▸ **Input data**

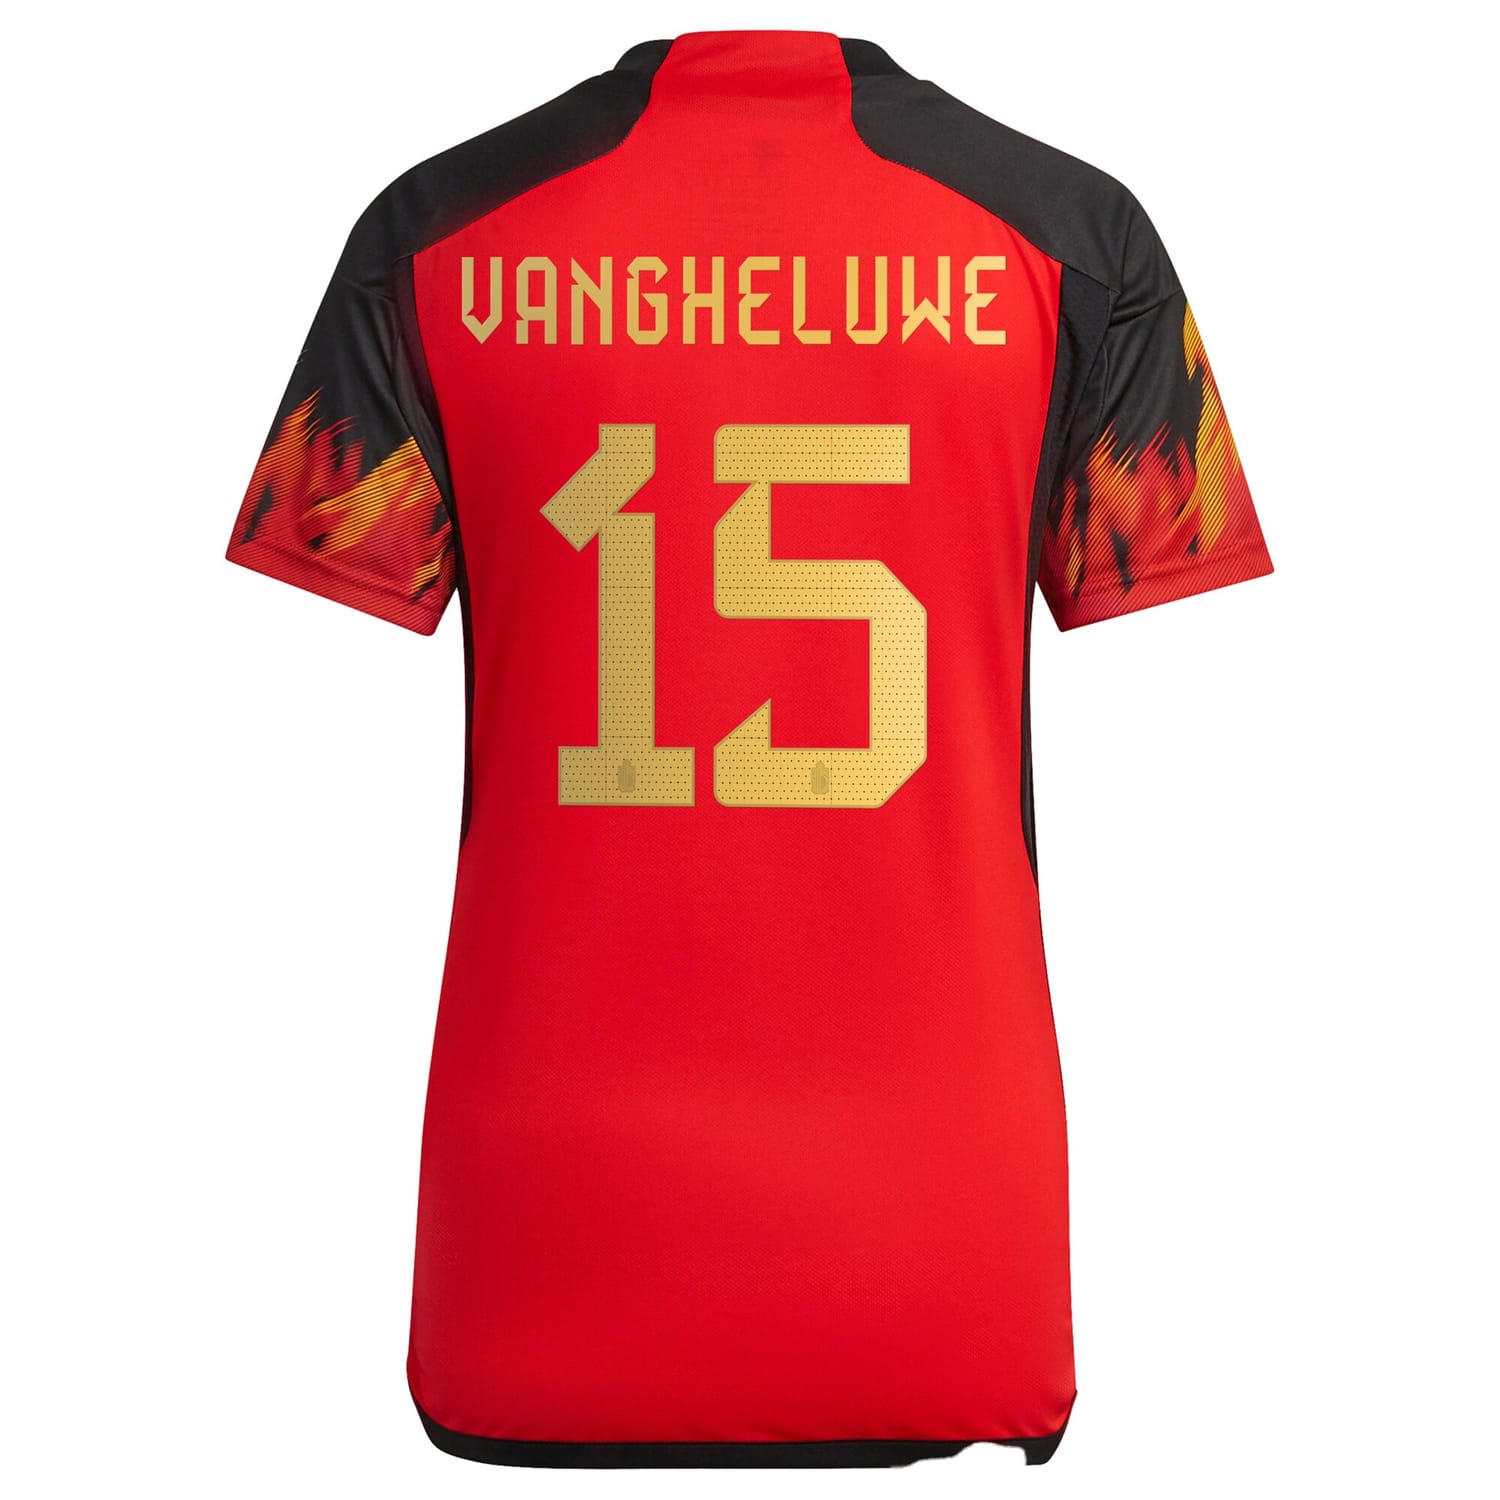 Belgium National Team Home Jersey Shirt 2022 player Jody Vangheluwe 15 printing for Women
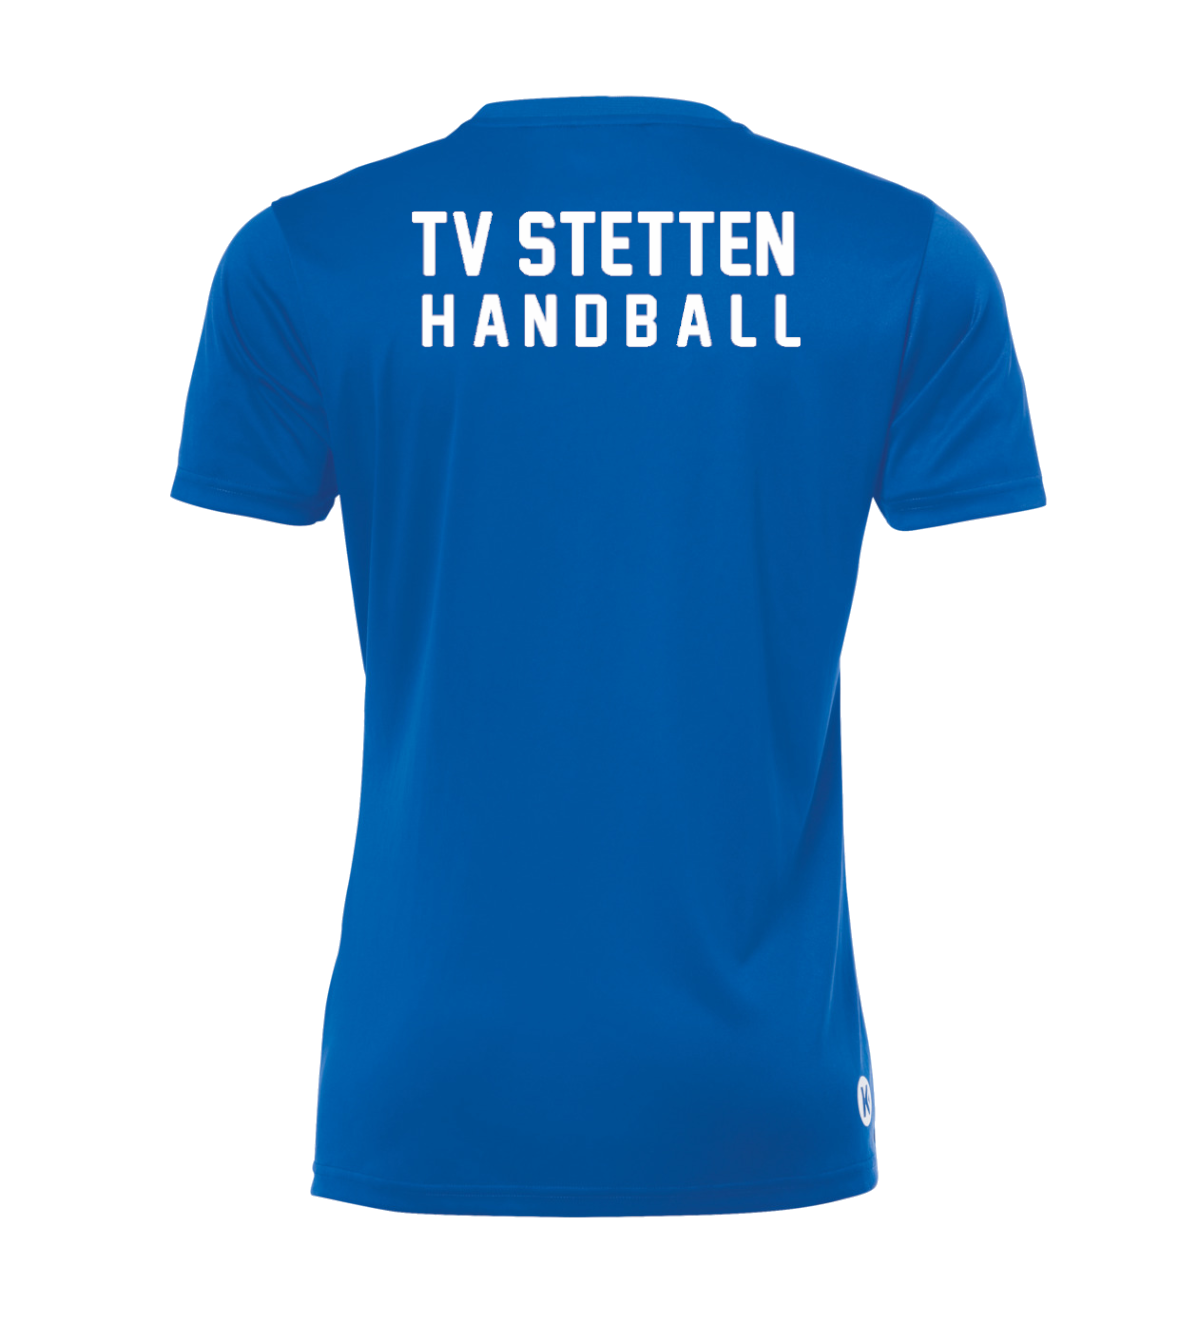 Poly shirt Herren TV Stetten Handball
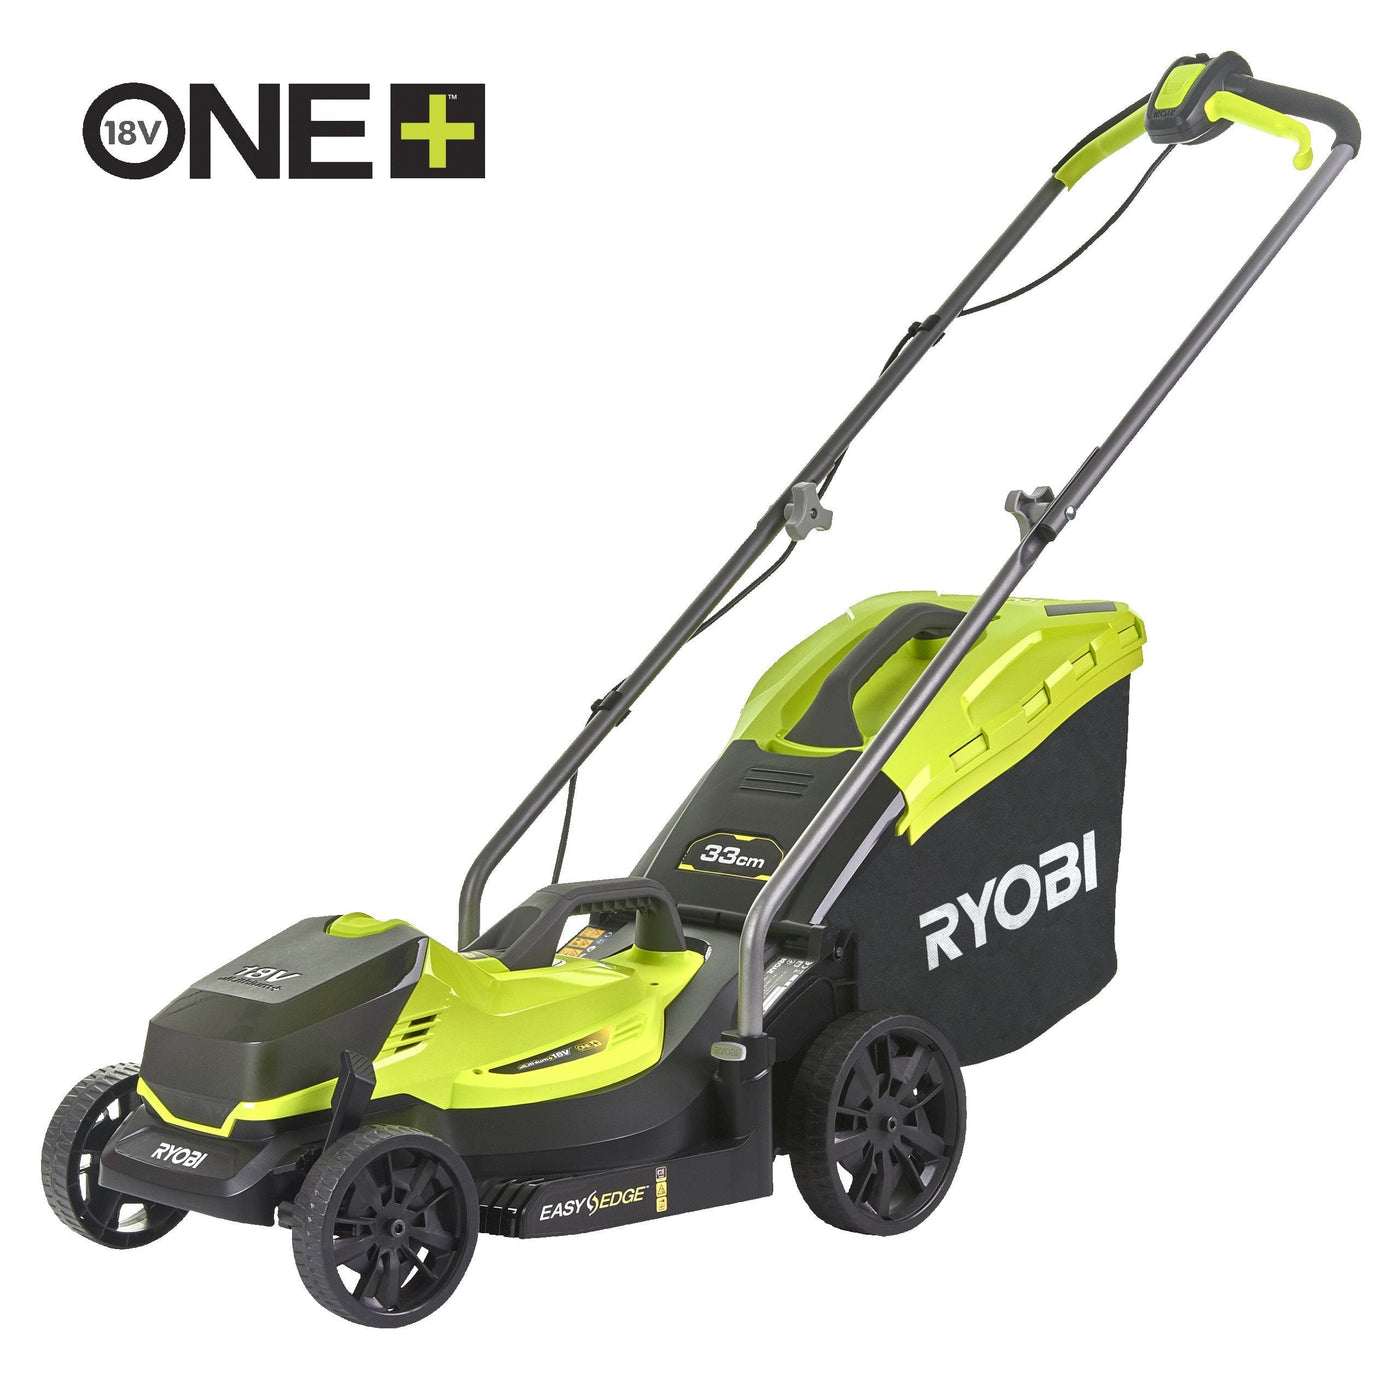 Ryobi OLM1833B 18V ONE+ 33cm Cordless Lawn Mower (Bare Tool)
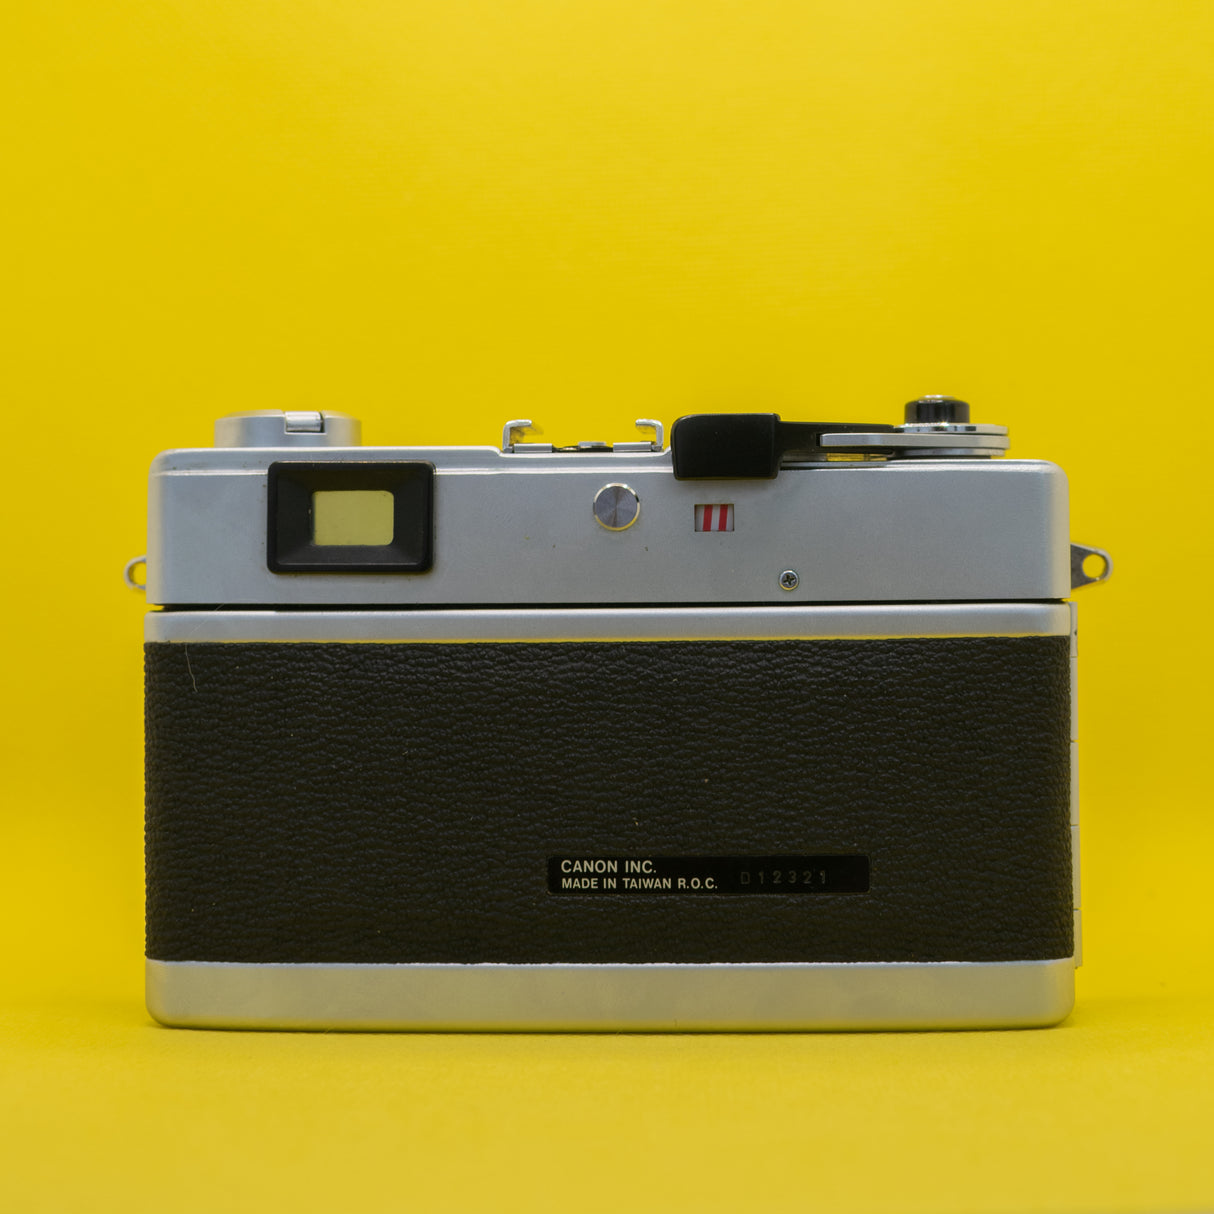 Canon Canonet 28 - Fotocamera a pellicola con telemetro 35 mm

▸ **Work to be completed**
Would you restate word for word each line from the one that holds "Ryobi OLM1833B 18V" to the end of the material, both ends included, without the pictures?

▸ **Response**
 Ryobi OLM1833B 18V ONE+ 33cm Cordless Lawn Mower (Bare Tool)
 Canon Canonet 28 - Fotocamera a pellicola con telemetro 35 mm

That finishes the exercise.